Simulation experiments are a widely used tool in both statistical and scientific research, presenting a method for validating or comparing statistical methods and generating large amounts of data under controlled conditions. Statistical research relies on simulation studies for testing or comparing performance measures of statistical methods, including bias, power of a test, and type I error rates [27]. In a scientific study, computer simulation software allows a user to generate data according to a specified model and observe a process or conduct an experiment. Simulating data that reflects the random variation found in real experiments is often achieved by random number generation, a process that introduces stochastic variation in the output that imitates the properties of numbers drawn from a specified distribution. A random number is defined as a value in a set with a probability of being selected from the total population based on the model desired; further, a random number is an instance of an unbiased random variable [2]. Generating these random variates is itself a mathematical problem, requiring methods to obtain sequences of independent numbers with a specified distribution.

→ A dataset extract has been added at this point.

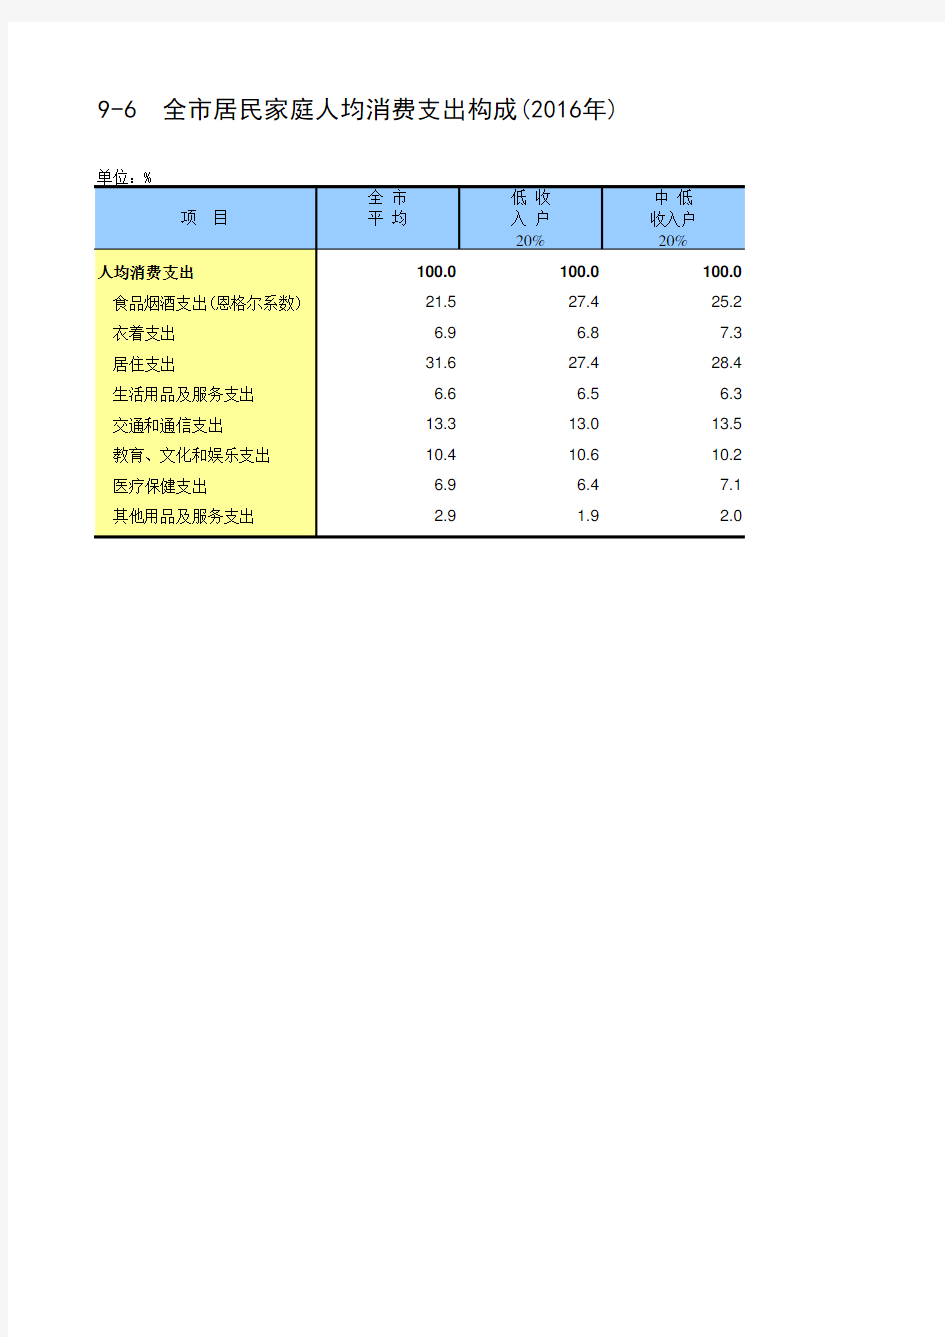 北京社会经济发展指标统计年鉴2017：9-6  全市居民家庭人均消费支出构成2016年

While it is impossible to produce truly random numbers, since any mechanism for generating data is deterministic, we instead rely on "pseudo-random number generators." A pseudo-random number generator is a mathematical algorithm that will return the same sequence of variates under a given distribution from a given input [2]. The input required need not be a single value, but can instead be a vector or multiple vectors. This input is known as the "seed," a string of bits used to initialize the generator. Varying the seed will vary the resulting set of `random numbers.' Seeds should be stored for reproducibility of results, as the same sequence of output can be obtained from its instantiating seed value.

The outputs, or `pseudo random numbers' should provide sufficient unpredictability for the statistical purpose [2]; that is, the sequence of outputs should be statistically independent and be consistent with the specified distribution at a desired confidence level under empirical testing. Every number generating algorithm has a "period length", or the number of random variates (output sequence) it produces from a given seed before the sequence begins to repeat [9]. While the deterministic nature of algorithms prevents output sequences from being truly random or independent, a set of criteria can be applied to select generators with properties that will produce a sequence of output numbers with an apparently independent and random pattern. Thus, we can analyze and compare the properties of generators by developing criteria for the behavior of the output sequence and use these criteria to evaluate the suitability of a particular generator for a particular experiment or scenario. We begin by identifying these desirable properties of a pseudo-random number generator and the criteria used for evaluating their behavior.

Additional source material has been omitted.